The language standard is very specific about the semantics (behavior) of a strictly conforming program - the burden is on the compiler writer or language implementor to get it right. Once the programmer crosses the line and invokes undefined behavior then the standard is clear that the burden of proof that this will work as intended falls on the programmer, not on the compiler writer - the compiler in this case has been nice enough to warn that undefined behavior has been invoked although it is under no obligation to even do that. Sometimes annoyingly people will tell you that at this point "anything can happen" usually followed by some joke/exaggeration. In the case of your program the compiler could generate code that is "typical for the platform" and store to localval the value of something and then load from localval and store at DataPtr, like you intended, but understand that it is under no obligation to do so. It sees the store to localval as a store to something of uint32 type and it sees the dereference of the load from (*(const float32*)((const void*)(&localval))) as a load from a float32 type and concludes these aren't to the same location so localval can be in a register containing something while it loads from an uninitialized location on the stack reserved for localval should it decide it needs to "spill" that register back to its reserved "automatic" storage (stack). It may or may not store localval to memory before dereferencing the pointer and loading from memory. Depending on what follows in your code it may decide that localval isn't used and the assignment of something has no side-effect, so it may decide that assignment is "dead code" and not even do the assignment to a register.
2) As both would occupy the same size (correct me if not) what could be the side affects of such a compiler optimization ?
The effect could be that an undefined value is stored at the address pointed to by DataPtr.
3) Can I safely ignore the warning or turn off aliasing ?
That is specific to the compiler you are using - if the compiler documents a way to turn off the strict aliasing optimizations then yes, with whatever caveats the compiler makes.
4) If the compiler hasn't performed an optimization and my program is not broken after my first compilation ? Can i safely assume that every time the compiler would behave the same way (does not do optimizations) ?
Maybe, sometimes very small changes in another part of your program could change what the compiler does to this code, think for a moment if the function is "inlined" it could be thrown in the mix of some other part of your code, see this SO question.
5) Does the aliasing apply to a void * typecast too ? or is it applicable only for the standard typecasts (int,float etc...) ?
You cannot dereference a void * so the compiler just cares about the type of your final cast (and in C++ it would gripe if you convert a const to non-const and vice-versa).
6) what are the affects if I disable the aliasing rules ?

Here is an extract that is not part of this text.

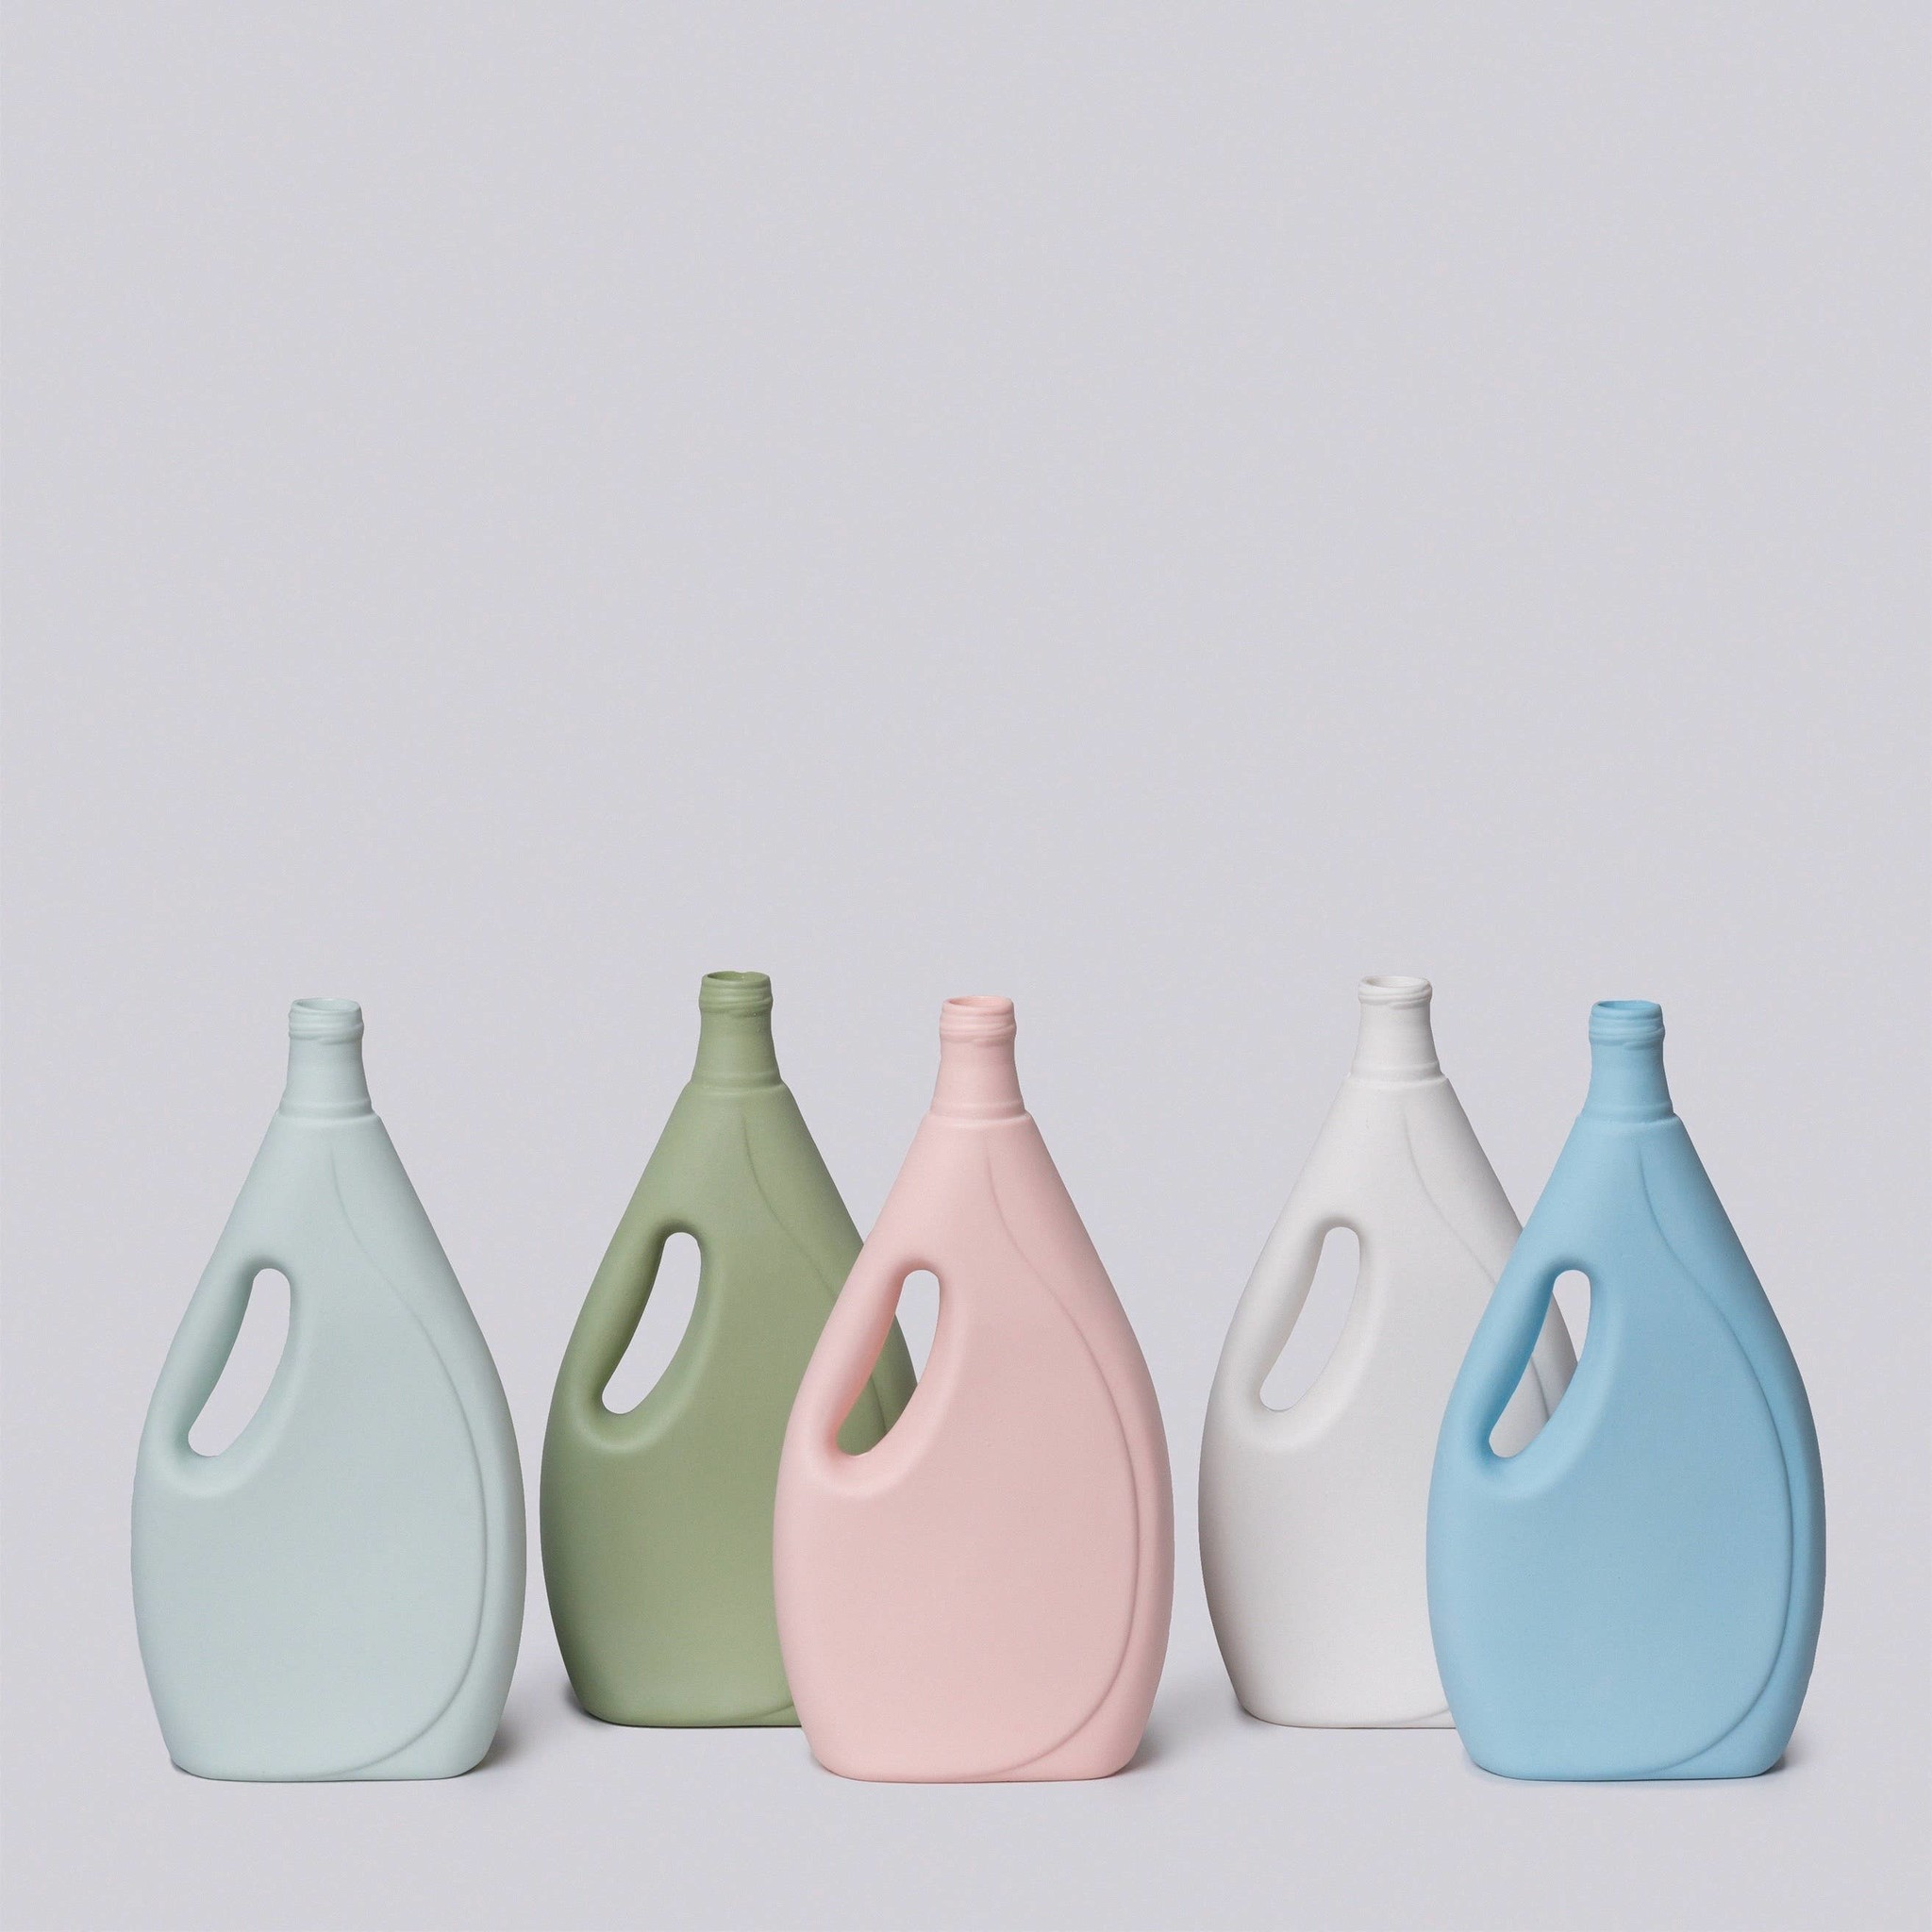 Laundry Detergent Bottle Vase-2

See your compiler's documentation - in general you will get slower code, if you do this (like the Linux kernel chose to do in the example from the paper above) then limit this to a small compilation unit, with only the functions where this is necessary.
Conclusion
I understand your questions are for curiosity and trying to better understand how this works (or might not work). You mentioned it is a requirement that the code be portable, by implication then it is a requirement that the program be compliant and not invoke undefined behavior (remember, the burden is on you if you do). In this case, as you pointed out in the question, one solution is to use memcpy, as it turns out not only does that make your code compliant and therefore portable, it also does what you intend in the most efficient way possible on current gcc with optimization level -O3 the compiler converts the memcpy into a single instruction storing the value of localval at the address pointed to by DataPtr, see it live in coliru here - look for the movl %esi, (%rdi) instruction.
You have an incomplete example (as written, it exhibits UB since localval is uninitialized) so let me complete it:
uint32 localval;
void * DataPtr;
DataPtr = something;
localval = 42;
(*(float32*)(DataPtr))= (*(const float32*)((const void*)(&localval)));
Now, since localval has type uint32 and *(const float32*)((const void*)(&localval)) has type float32, they cannot alias, so the compiler is free to reorder the last two statements with respect to each other. This would obviously result in behavior different from what you want.

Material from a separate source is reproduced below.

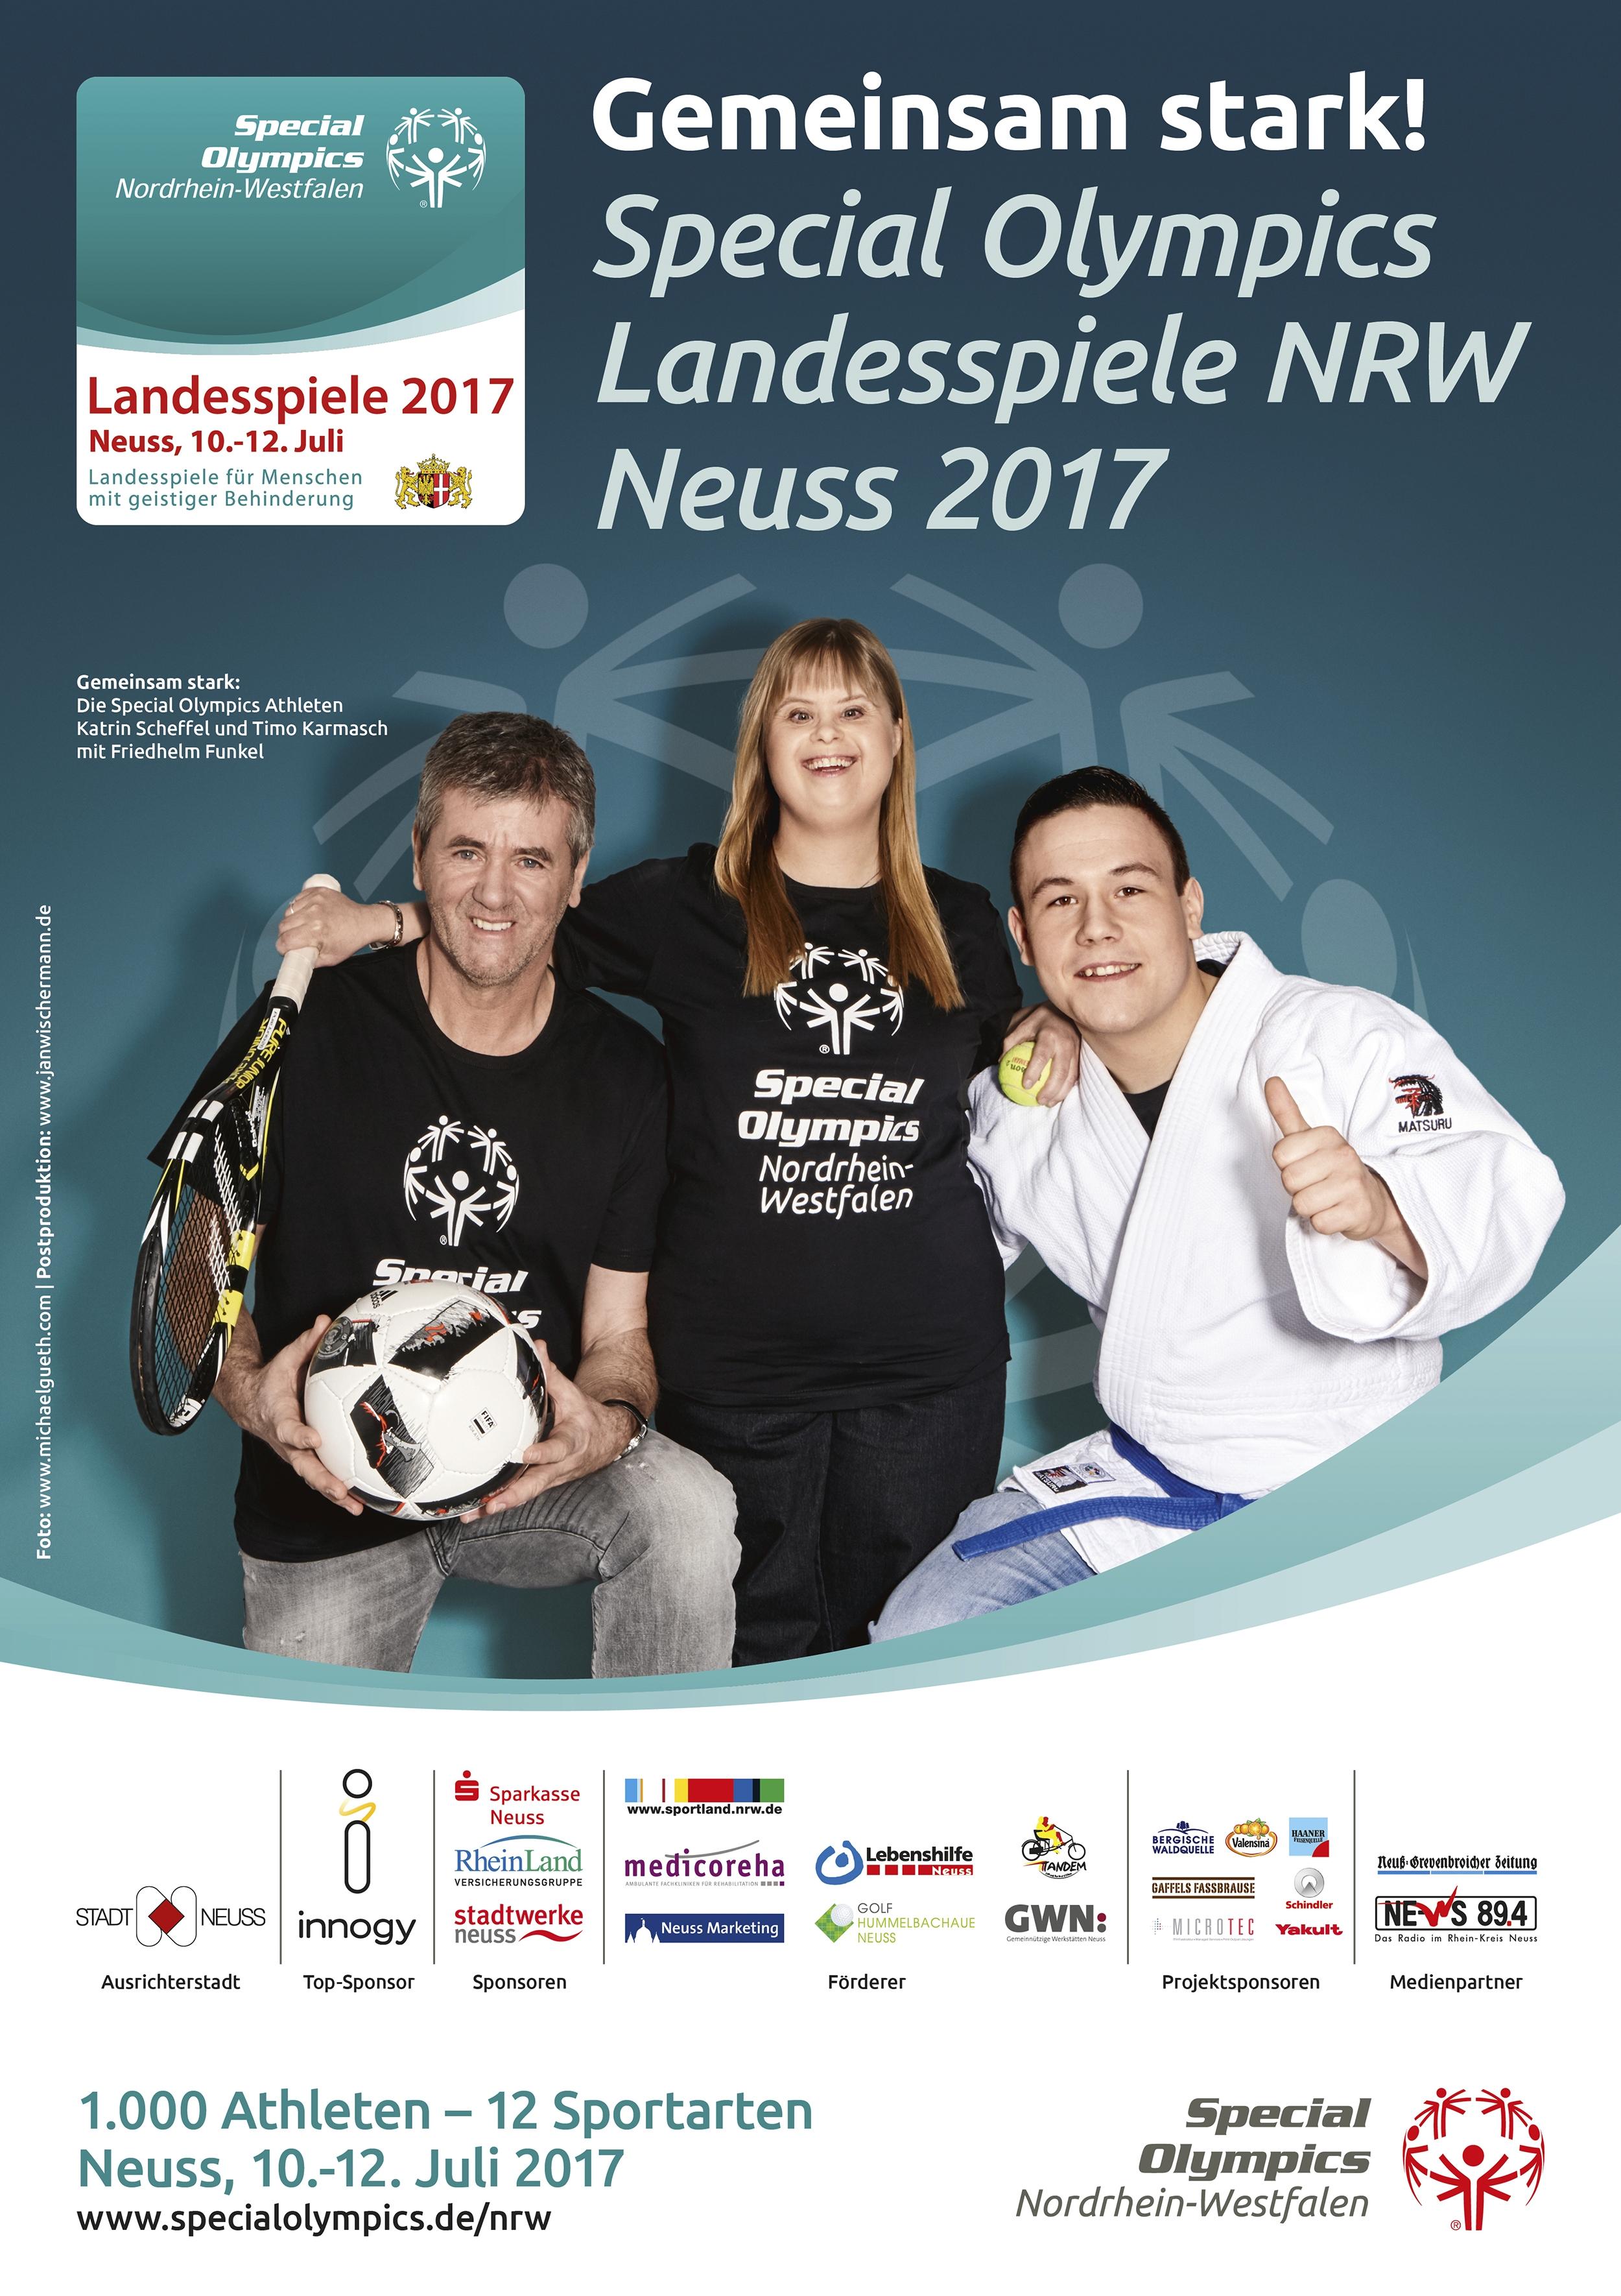 Special Olympics Plakat

The correct way to write this is:
memcpy(DataPtr, &localval, sizeof localval);
The const makes no difference. To check if the types are the same size, you can compare sizeof (uint32) to sizeof (float32). It's also possible that the two types have differing alignment requirements.
Those things aside; the behaviour is undefined to read the memory of localval as if it had a float stored in it, that's what the strict aliasing rules say.
6.5#6:
The effective type of an object for an access to its stored value is the declared type of the
object, if any.
6.5#7:
An object shall have its stored value accessed only by an lvalue expression that has one of
the following types
localval has effective type uint32 , and the list of "the following types" doesn't include float32 so this is a violation of the aliasing rules.
If you were aliasing in dynamically allocated memory, then it is different. There's no "declared type", so the "effective type" is whatever was last stored in the object. You could malloc(sizeof (uint32)), and then store a float32 in it and read it back.
To sum up, you seem to be asking "I know this is undefined, but can I rely on my compiler successfully doing it?" To answer that question you will have to specify what your compiler is, and what switches you are invoking it with, at least.
Of course there is also the option of adjusting your code so it does not violate the strict-aliasing rules, but you haven't provided enough background info to proceed down this track.

How to store an integer in a location pointed to by a char*

This might be a very basic question that is already asked but I was not quite sure if the answer here Casting an int pointer to a char ptr and vice versa is applicable in my case.
So essentially I have something as follows:
void* head = sbrk(1024); //allocate 1024 bytes in heap
*((int*)(head+size)) = value; //value and size are int with valoues between 1 and 1023
I would like to know if for an arbitrary value of size the above does not work then what are the restrictions on the value of size? Does it have to be divisible by 4?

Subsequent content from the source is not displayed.